Prove that the sequence $\cos(n\pi/3)$ does not converge

Question

EDIT: Using a rigorous formal proof, I need to prove that this sequence does not diverge. I of course understand why it doesn't converge...

$n=1$ to infinity of course.

So, I have a bit of trouble understanding the definition. Here's what I have so far:

I know it doesn't converge if there exists an $\varepsilon > 0$, where for ALL natural numbers $\mathbb{N}$, $|a_n - L| < \varepsilon$, for some $n\in\mathbb N$.

So I can make $\varepsilon > 1/2$, but then I'm not sure what to do.
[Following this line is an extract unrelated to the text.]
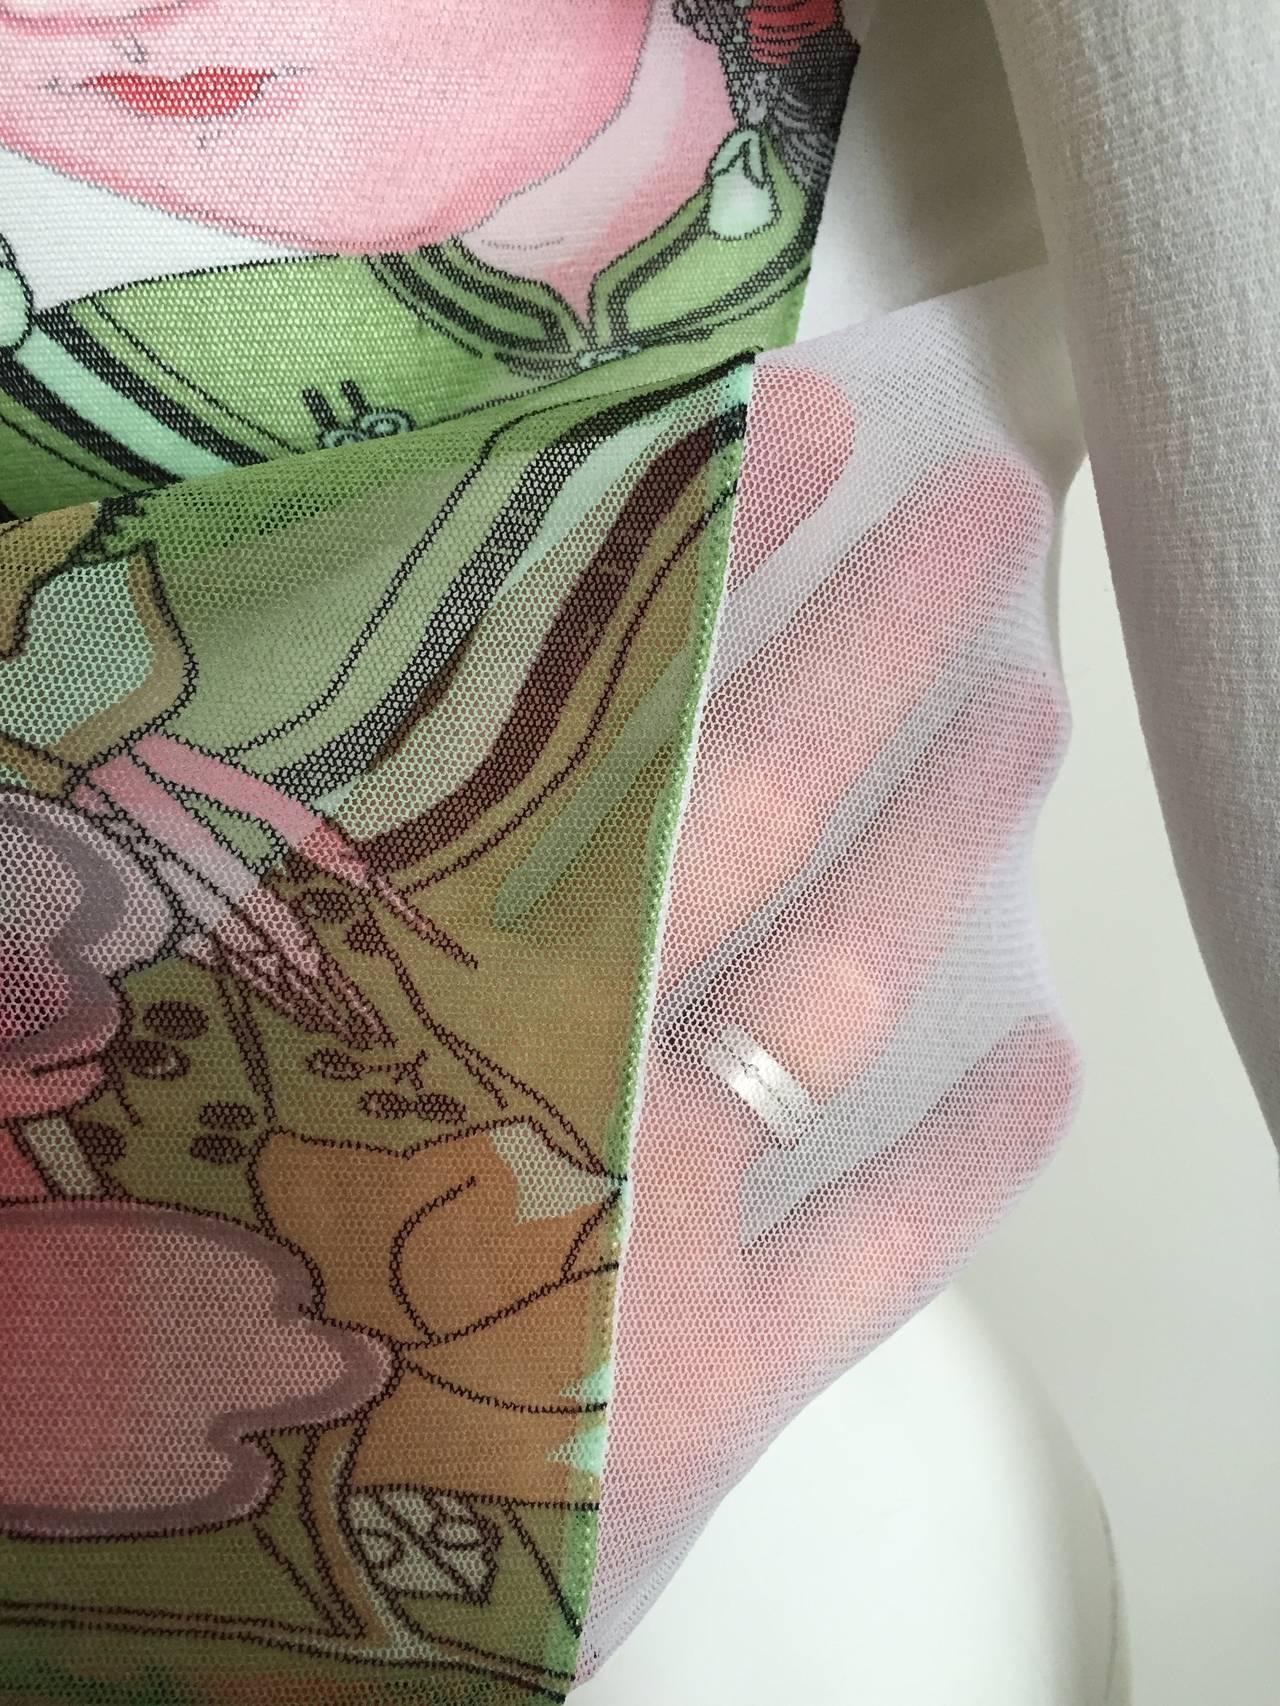 Kenzo Jungle Asian Sheer Long Sleeve Top Size Small. 9
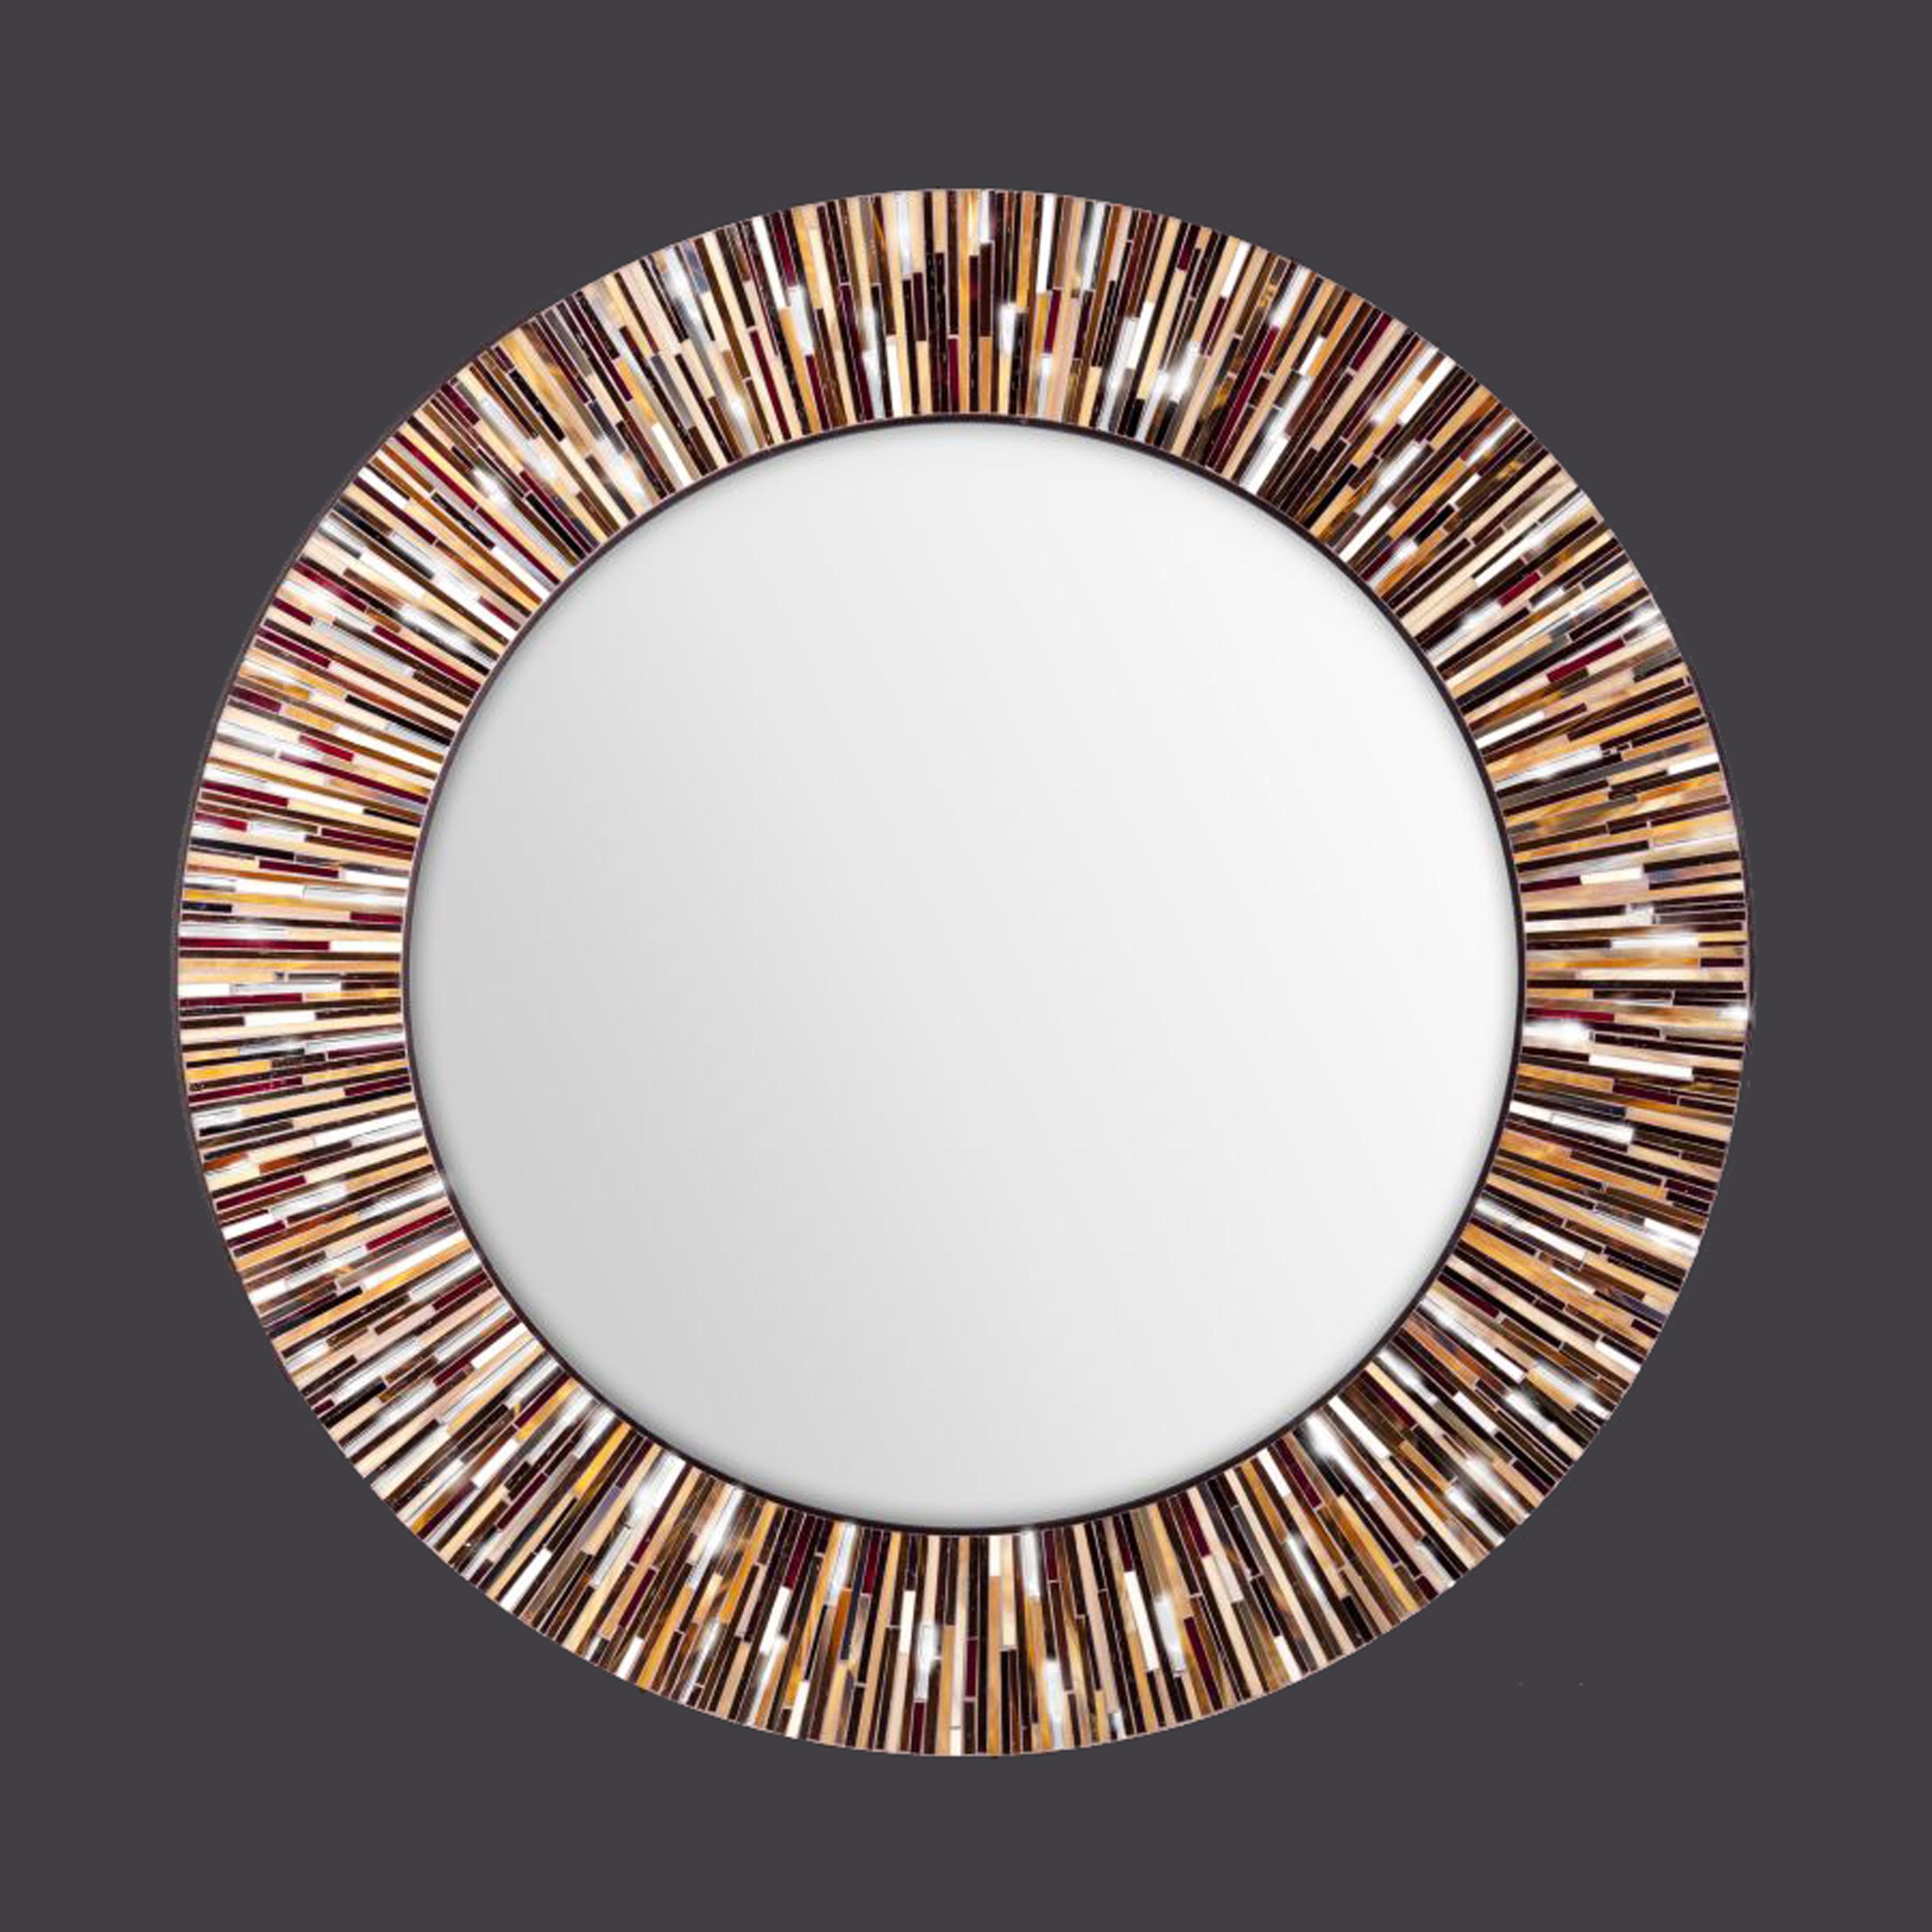 Mosaic Wall Mirrors Piaggi Inside Large Mosaic Mirrors (Image 12 of 15)

I know I need to prove this by way of contradiction using 2 cases, one where I evaluate $L$ as both greater than and equal the other where it's less than zero.

Answer 1

We give a formal "$\epsilon$-$N$" proof. Note that it is more clumsy and tedious than the other answers that, instead of going back to the definition, use properties of convergent sequences.

Note that if $n$ is $3$ times an even number $2k$, then $\cos(\pi n/3)=\cos(2k\pi)=1$.

Note also that if $n$ is $3$ times an odd number $2k+1$, then $\cos(\pi n/3)=\cos((2k+1)\pi)=-1$.

Suppose that our limit exists and is equal to $a$. Let $\epsilon=1/10$. We show that there is no $N$ such that if $n\gt N$ then $|\cos(\pi n/3)-a|\lt \epsilon$

Suppose to the contrary that there is such an $N$. There is an $n\gt N$ of the form $(3)(2k)$. From this we conclude that $|1-a|\lt \epsilon$.

Similarly, we conclude that $|-1-a|\lt \epsilon$. So $|1+a|\lt \epsilon$.

We have $2=(1-a)+(1+a)$, and therefore by the Triaangle Inequality $$2\le |1-a|+|1+a|\lt 2\epsilon=\frac{1}{5},$$ which is impossible.

Remark: The Triangle Inequality stuff has a mysterious air. But really all that part of the argument does is to say that $a$ cannot be simultaneously within $\frac{1}{10}$ of $1$ and within $\frac{1}{10}$ of $-1$. We could, by the way, have picked $\epsilon=1$.

Edit: We can alternately end by supposing, as in your post, that the limit is $L$. We show that $L$ can be neither $\le 0$ nor $\gt 0$. We show it cannot be $\gt 0$, and leave the other to you. Let $\epsilon=\frac{1}{10}$ and let $N$ have the property that if $n\gt N$ then $\cos(\pi n/3)$ is within $\epsilon$ of $L$. We can find an $n=(3)(2k+1)\gt N$. For that $n$ we have $\cos(n \pi/3)=-1$. But $|-1-L|\gt 1$, contradicting the fact it is $\lt \epsilon$.

Answer 2

HINT: The sequence is periodic (and not constant), hence the limit cannot exist.

Answer 3

If the sequence converges, then all its subsequences have the same limit. However, the subsequence $\big( \cos \big( \frac{(6k+3) \pi}{3} \big) \big)_{k \in \mathbb{N}}$ converges to $-1$ and the subsequence $\big( \cos \big( \frac{(6k) \pi}{3} \big) \big)_{k \in \mathbb{N}}$ converges to $1$. Hence, the limit does not exist.